11. **Drop `PerPlcContextWithRequest`** entirely. The last-request-slot pattern was a 1:1-model workaround; the correlation map subsumes it.
12. **`ProxyCounters` additions:**
- `InFlightCount` (`long` snapshot of `CorrelationMap.Count`)
- `MaxInFlight` (`long`, peak observed via `Interlocked.Max`)
- `TxIdWraps` (`long` from `TxIdAllocator.WrapCount`)
- `BackendDisconnectCascades` (`long`)
- `BackendQueueDepth` (snapshot of `_outboundChannel.Reader.Count`)
13. **Status page** — `StatusDto.PlcBackendStatus` gains `InFlight`, `MaxInFlight`, `TxIdWraps`, `DisconnectCascades`, `QueueDepth`. `StatusSnapshotBuilder` populates them. `StatusHtmlRenderer` adds a column or compact `[3/256]` indicator per PLC row.
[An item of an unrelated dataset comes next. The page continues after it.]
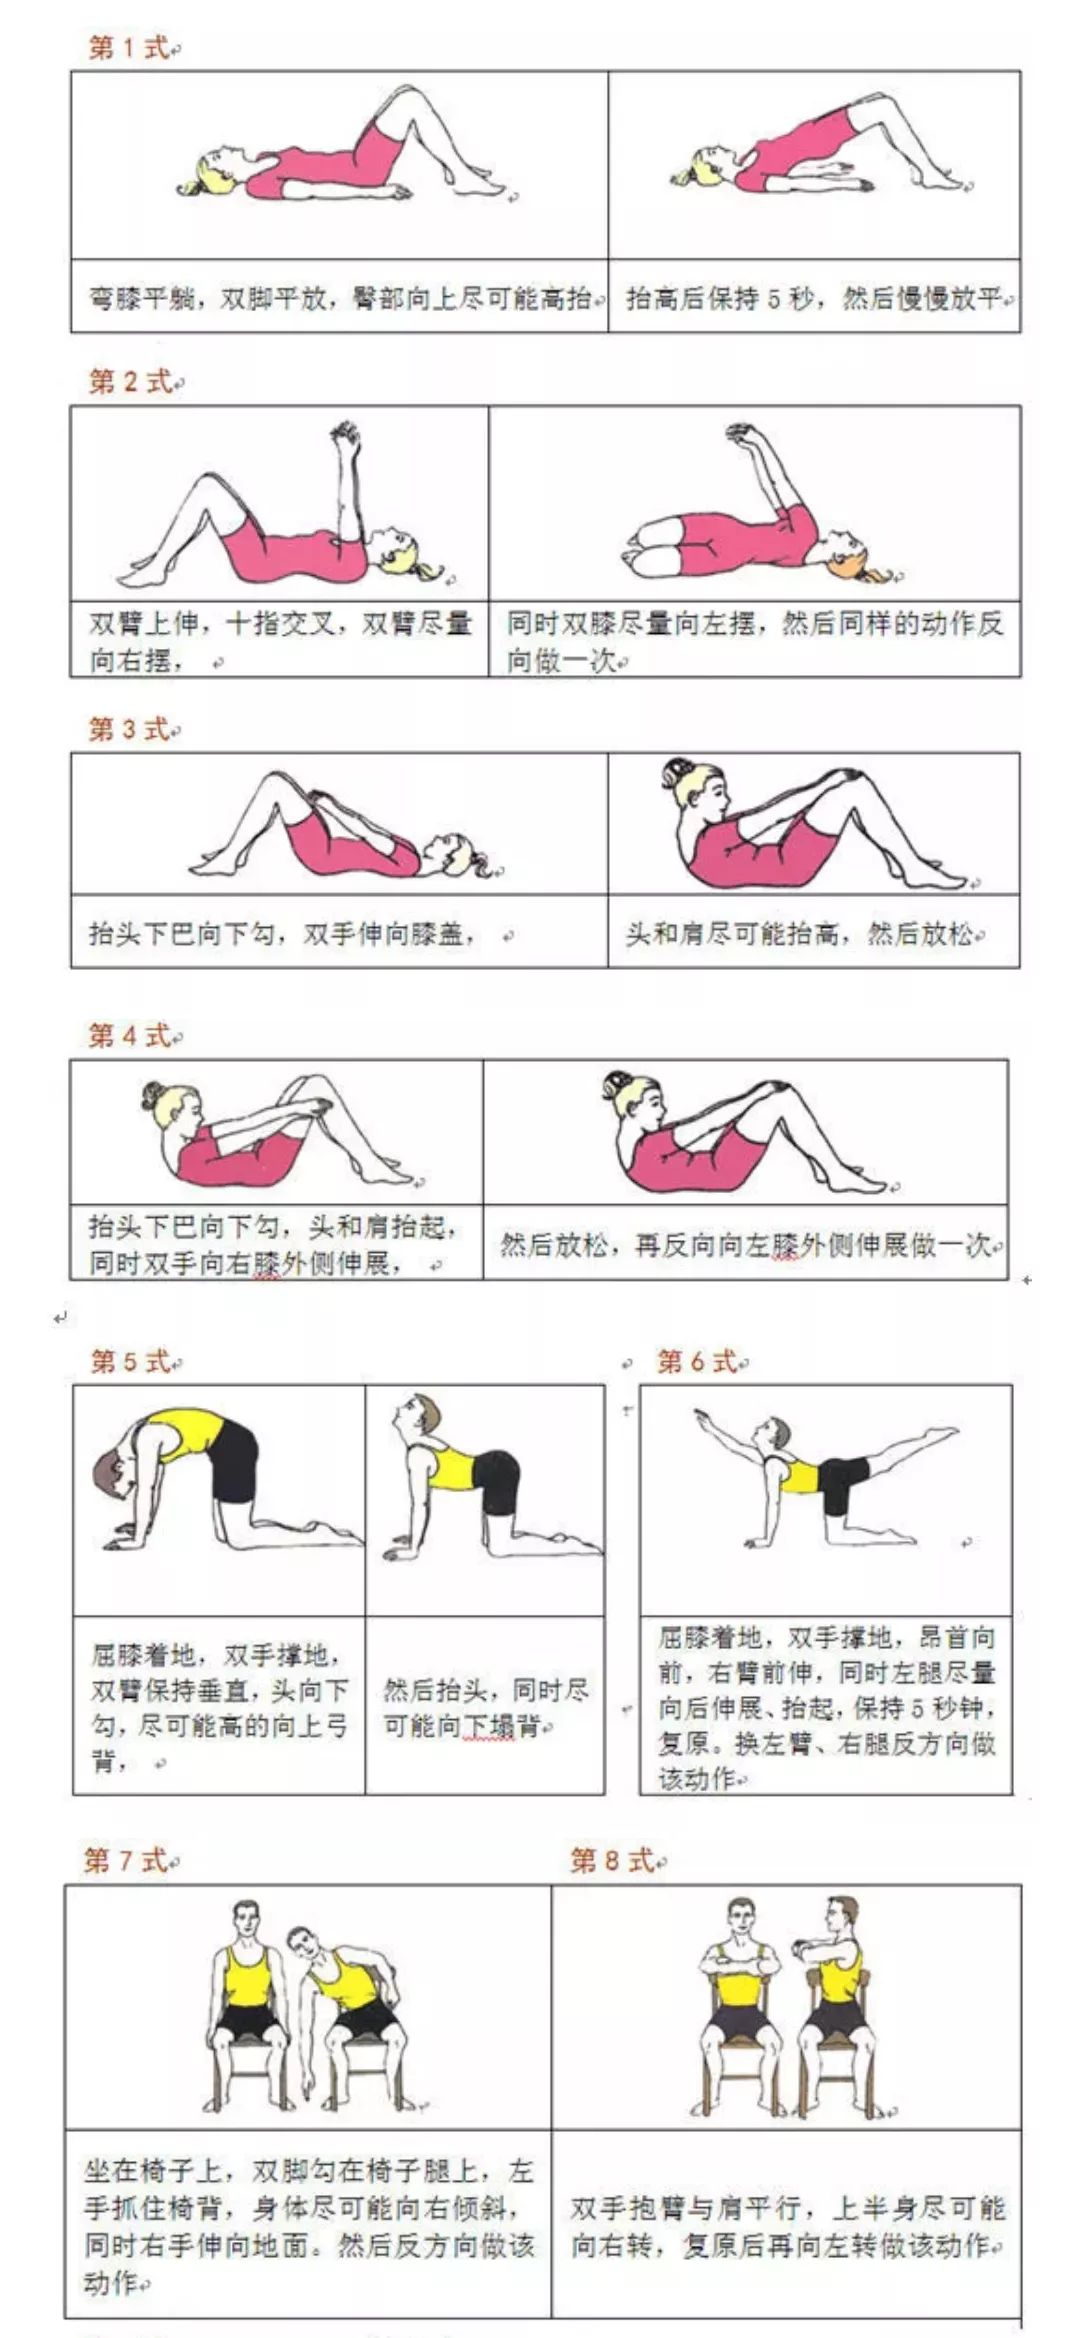 中医健康养生(no1484)强直性脊柱炎锻炼图谱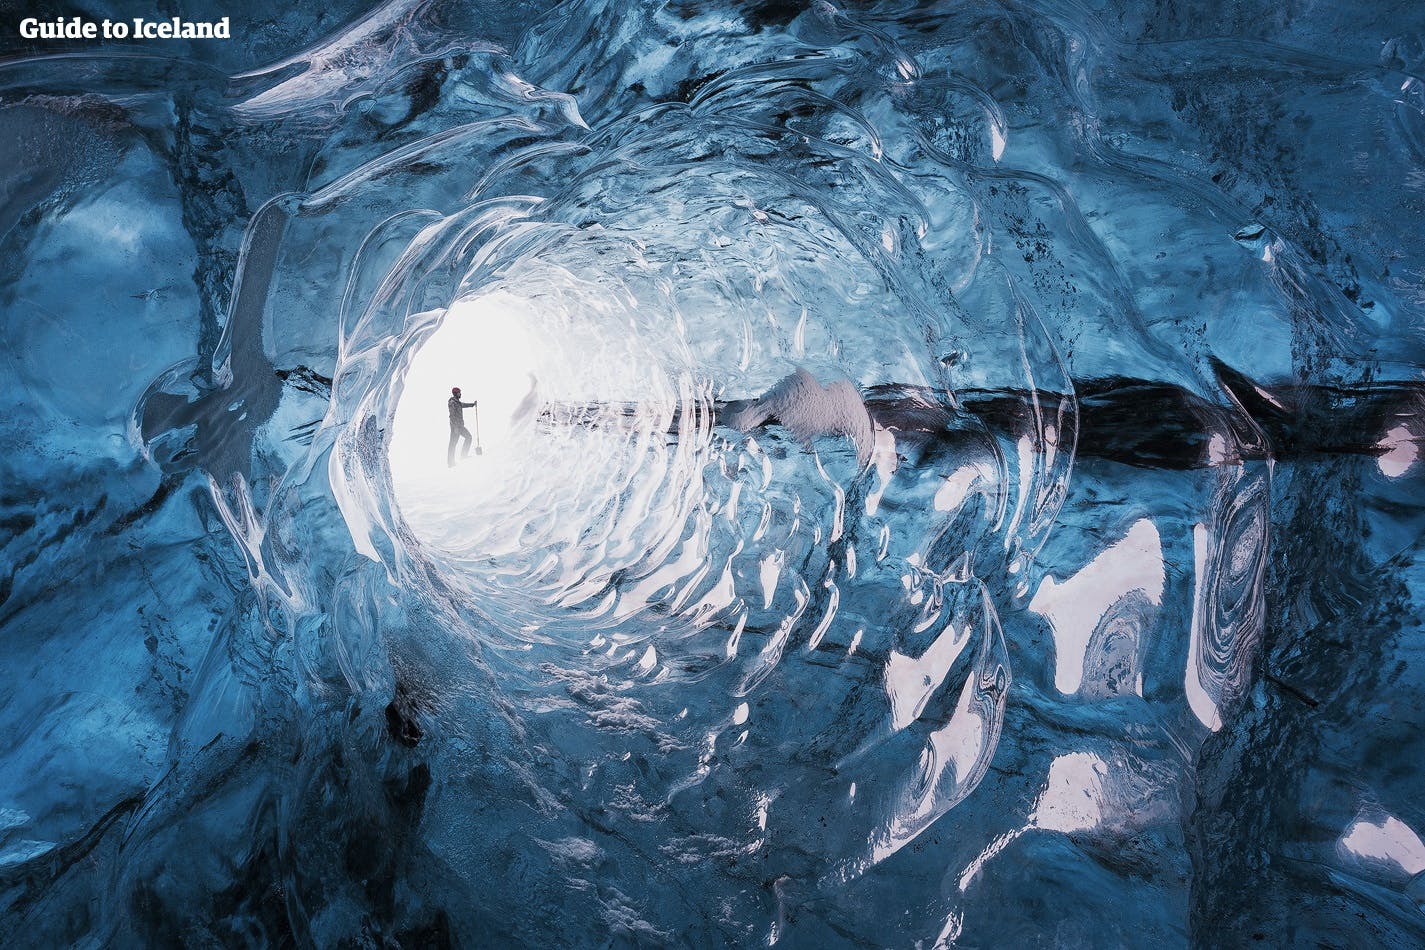 Ein natürlich geformter Eistunnel in einem von Islands gigantischen Gletschern.

The JSON field names land in camelCase per the existing source-gen convention.
### 9.5 Tests + docs
14. **Unit + integration test suites** (see Tests required below).
15. **`docs/design.md` updates:**
- **Connection model** section: rewrite. The diagram changes from "many clients → many backend sockets" to "many clients → one backend socket per PLC, multiplexed by proxy TxId rewriting." The operational consequence warning flips: instead of "5th client fails," it becomes "if backend disconnects, all attached upstream clients are cascaded closed; they reconnect on their own next request."
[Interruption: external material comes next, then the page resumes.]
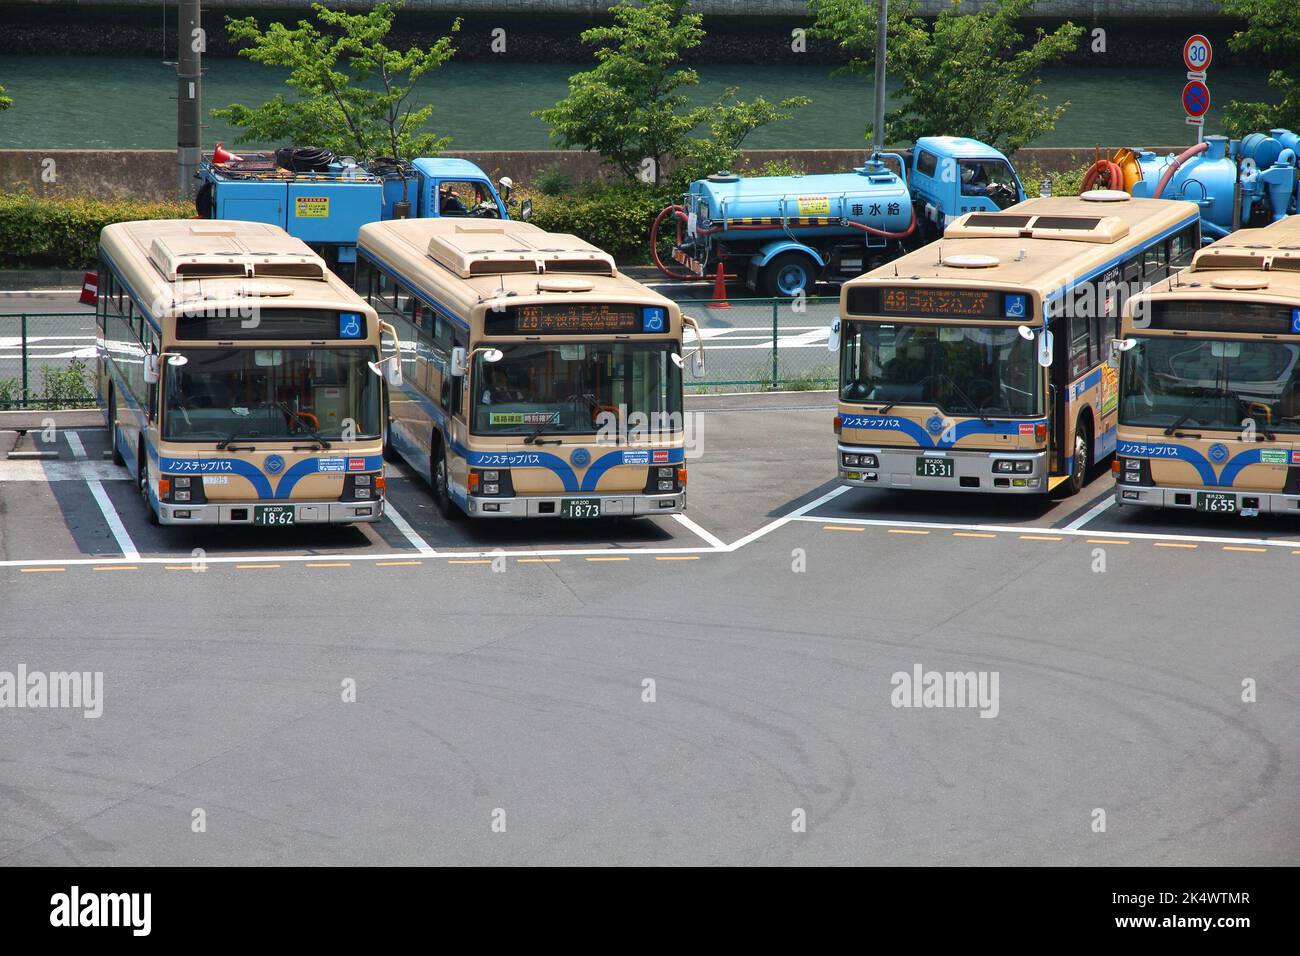 YOKOHAMA, JAPAN - 10. MAI 2012: Isuzu City Buses in Yokohama, Japan. Yokohama ist nach Bevölkerung die 2. größte Stadt Japans. Stockfoto

- **Failure modes** section: amend to describe the cascade behaviour.
- **Rewriter** section: amend to note the rewriter consumes `InFlightRequest` for response correlation (no architectural change, just an update to the description of how correlation flows).
16. **`mbproxy/CLAUDE.md`** Architecture summary: first bullet flips from "1:1 upstream-client ↔ backend-socket" to "single backend socket per PLC, multiplexed via MBAP TxId rewriting."
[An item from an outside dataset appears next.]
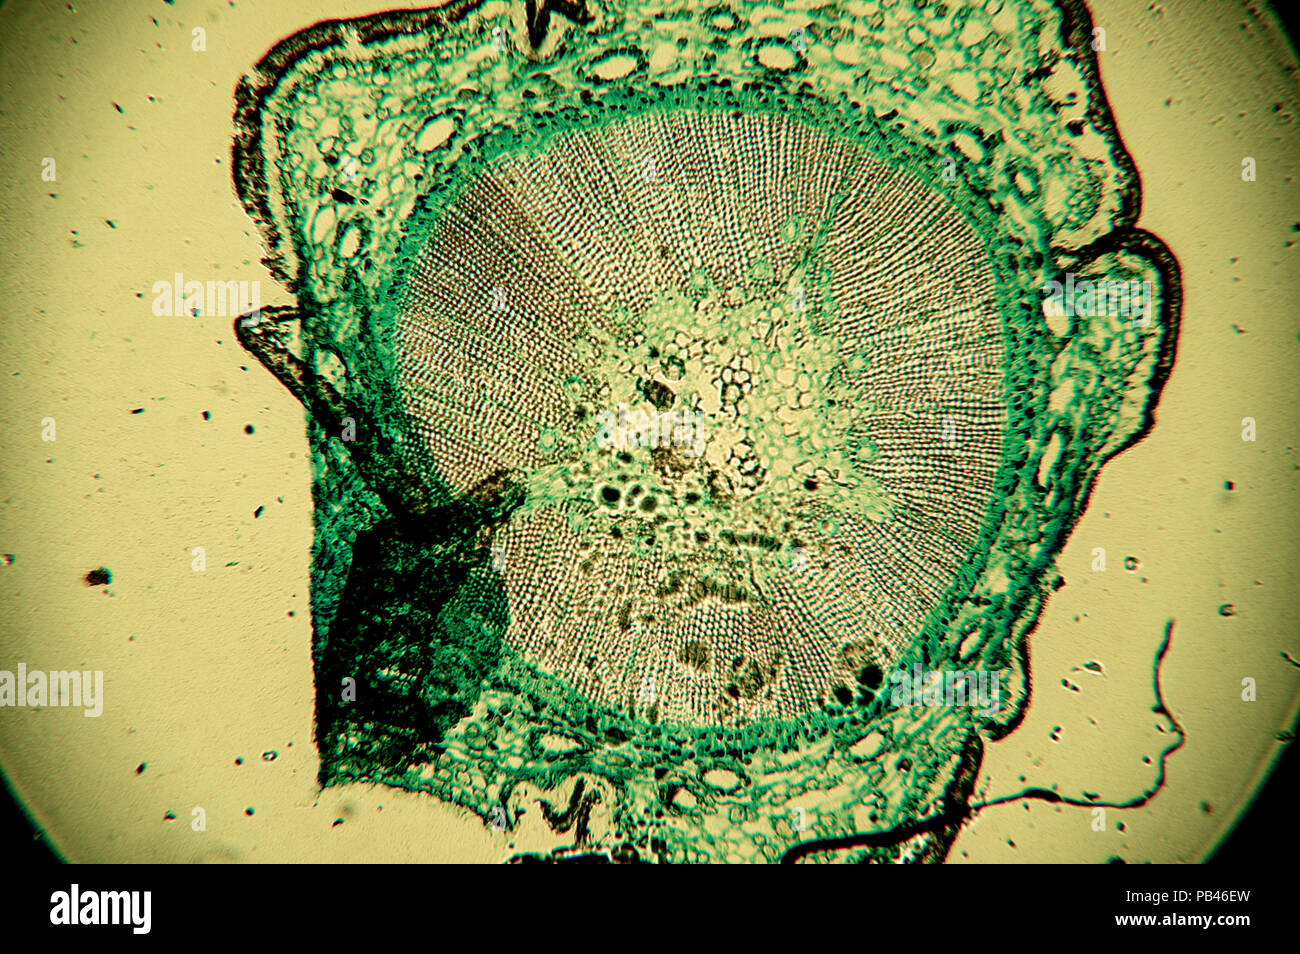 Célula de un organismo vivo en el microscopio. Foto de stock

17. **`docs/kpi.md`** — the "Tier 2 → Connection-cap saturation warning" KPI loses its meaning (4-client cap no longer relevant on the upstream side). Either remove it or repurpose to track in-flight saturation against the 16-bit TxId space (which never realistically saturates but is the new equivalent ceiling).
## Public surface declared in this phase
All `internal sealed` — the multiplexer types are not consumed outside the assembly.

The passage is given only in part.